# Bringing unlocked AT&T iPhone - will it work in UAE?



## ExpatLibrarian

I am sure this question has been asked before but I did not see it when I searched so here goes - my mom got the latest model iPhone and gave me her old 4S, along with her old iPad(score!). We started the unlocking process - my mom needed to fill out a form online with AT&T. Once it is unlocked, will I be able to buy a sim card with Du or Etisalat at the airport and use the phone? I also have a cheapie Android which I was hoping to use until I leave since I don't have a landline.


----------



## sammylou

unlocked iPhones will indeed work here in the uae. what you need to know however is that the bandwidth used for the latest LTE/4G networks are different here in the middle east than they are in north america. so the fastest connection you will be able to access is 3G.

my husband and i have been here over a year with our 4s iPhones on 3G and they work fine. LTE is still not even everywhere and some claim that due to the quicker speeds it is easier to burn through your data when surfing.

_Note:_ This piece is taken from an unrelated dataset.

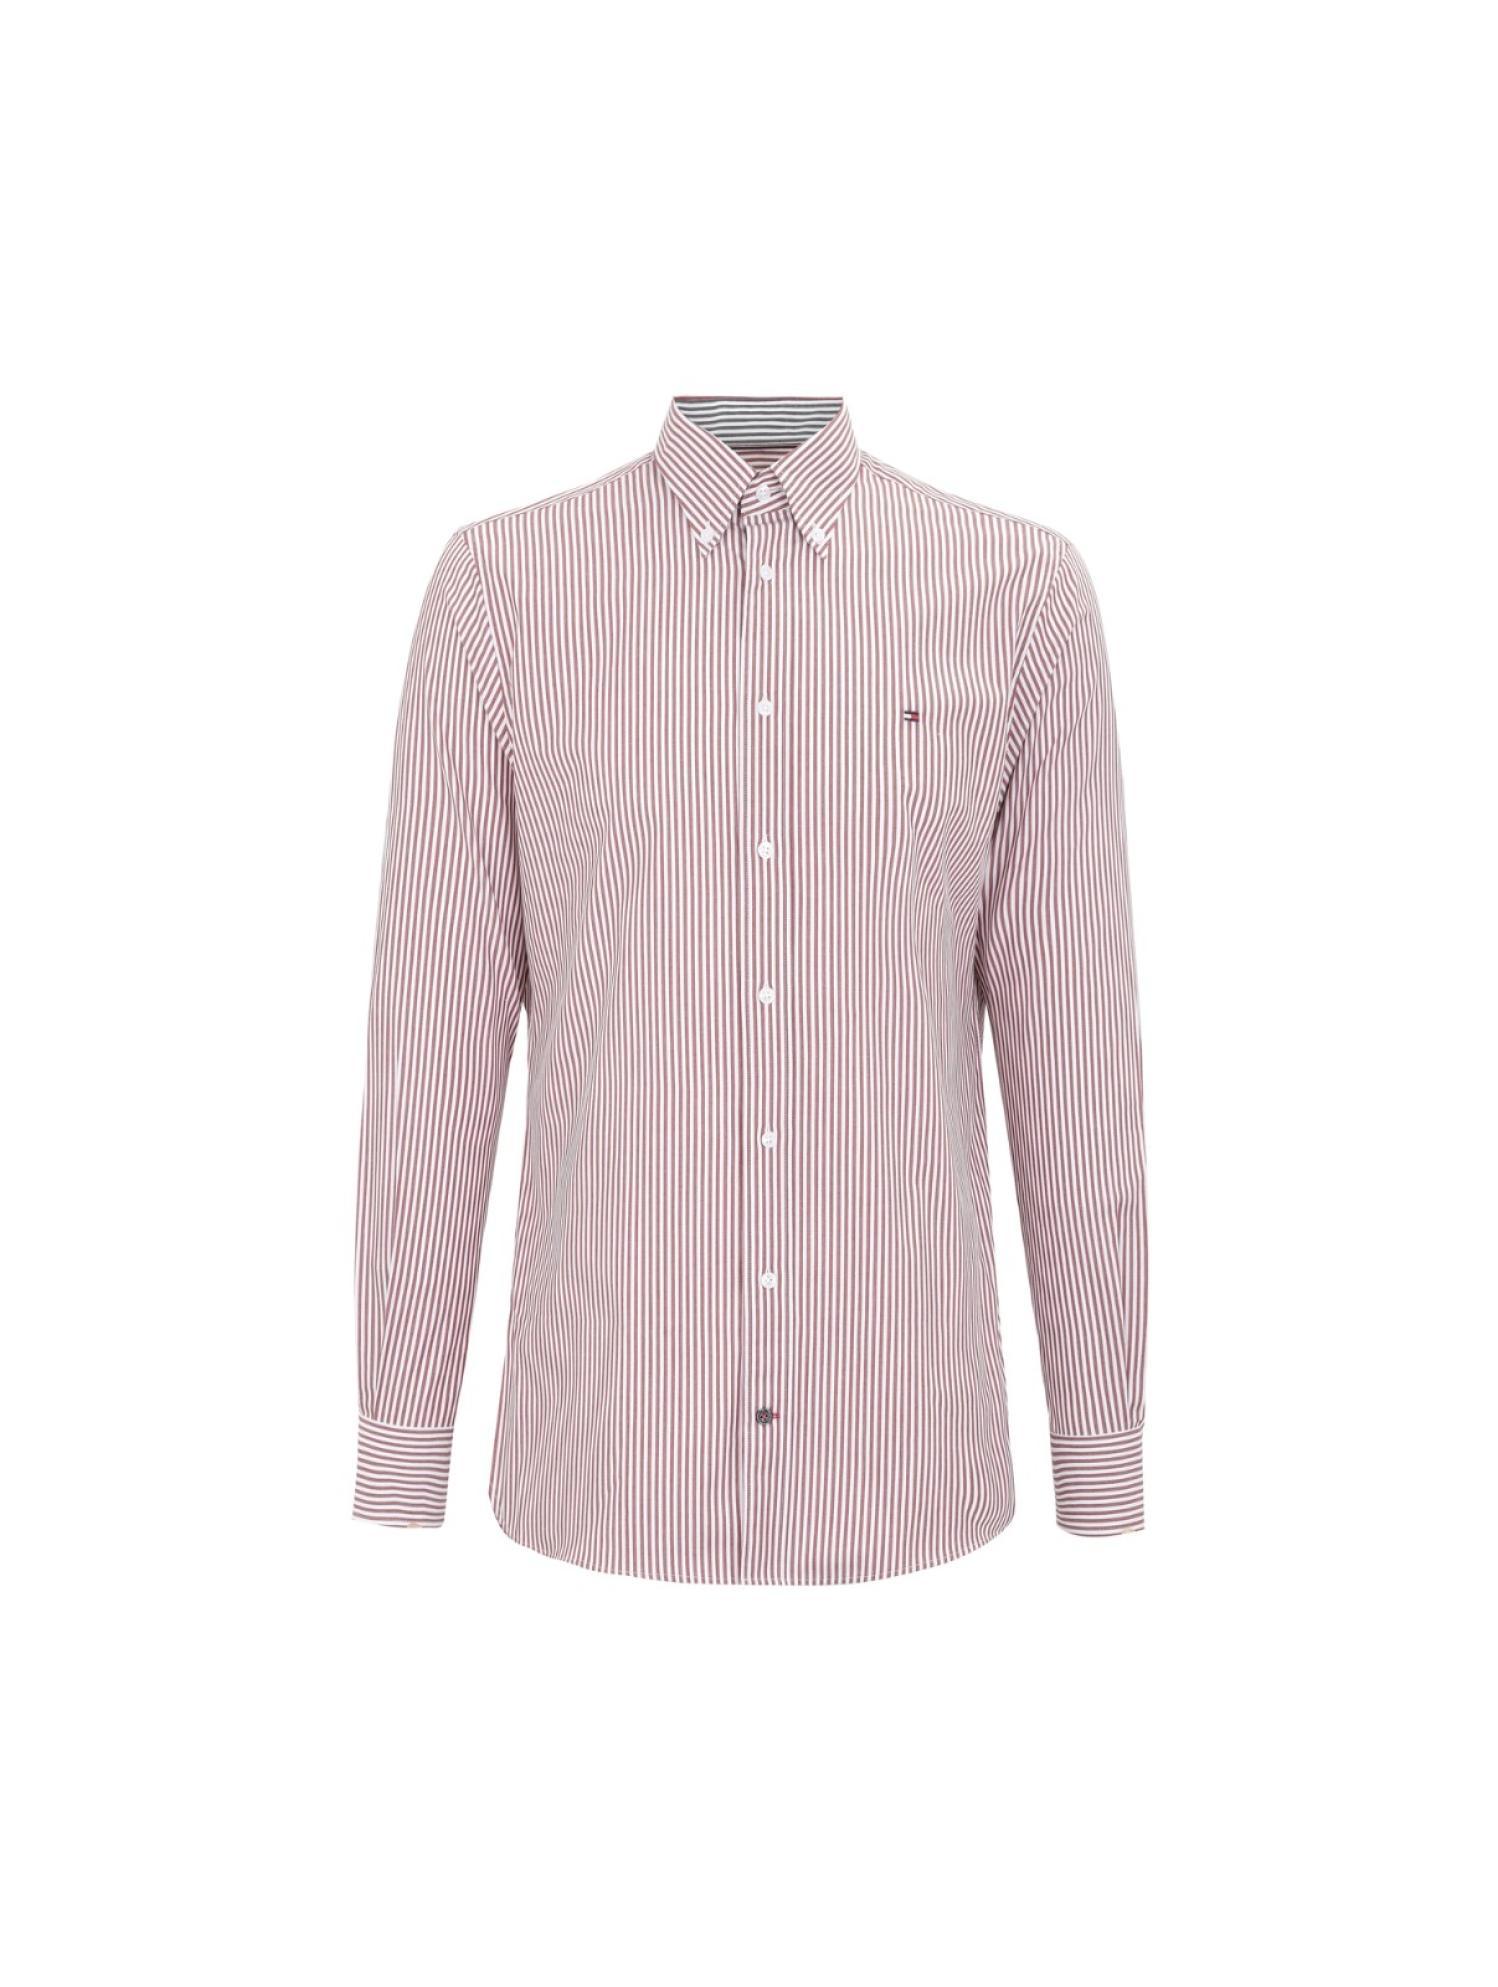 条纹长袖衬衫

there are several threads on the dubai forum discussing this but you should be just fine so long as you aren't expecting to access the 4G network.

and yes, you can buy sim cards at the airport. they have temporary ones that are valid for 90 days but if you then stay and acquire your residency visa you just register the number to be permanent and give them a copy of the visa. that is what we did.


----------



## ExpatLibrarian

Thanks for the helpful info - too bad about no 4G but what can you do - good to know I can get a temp SIM so I will be reachable right away.


----------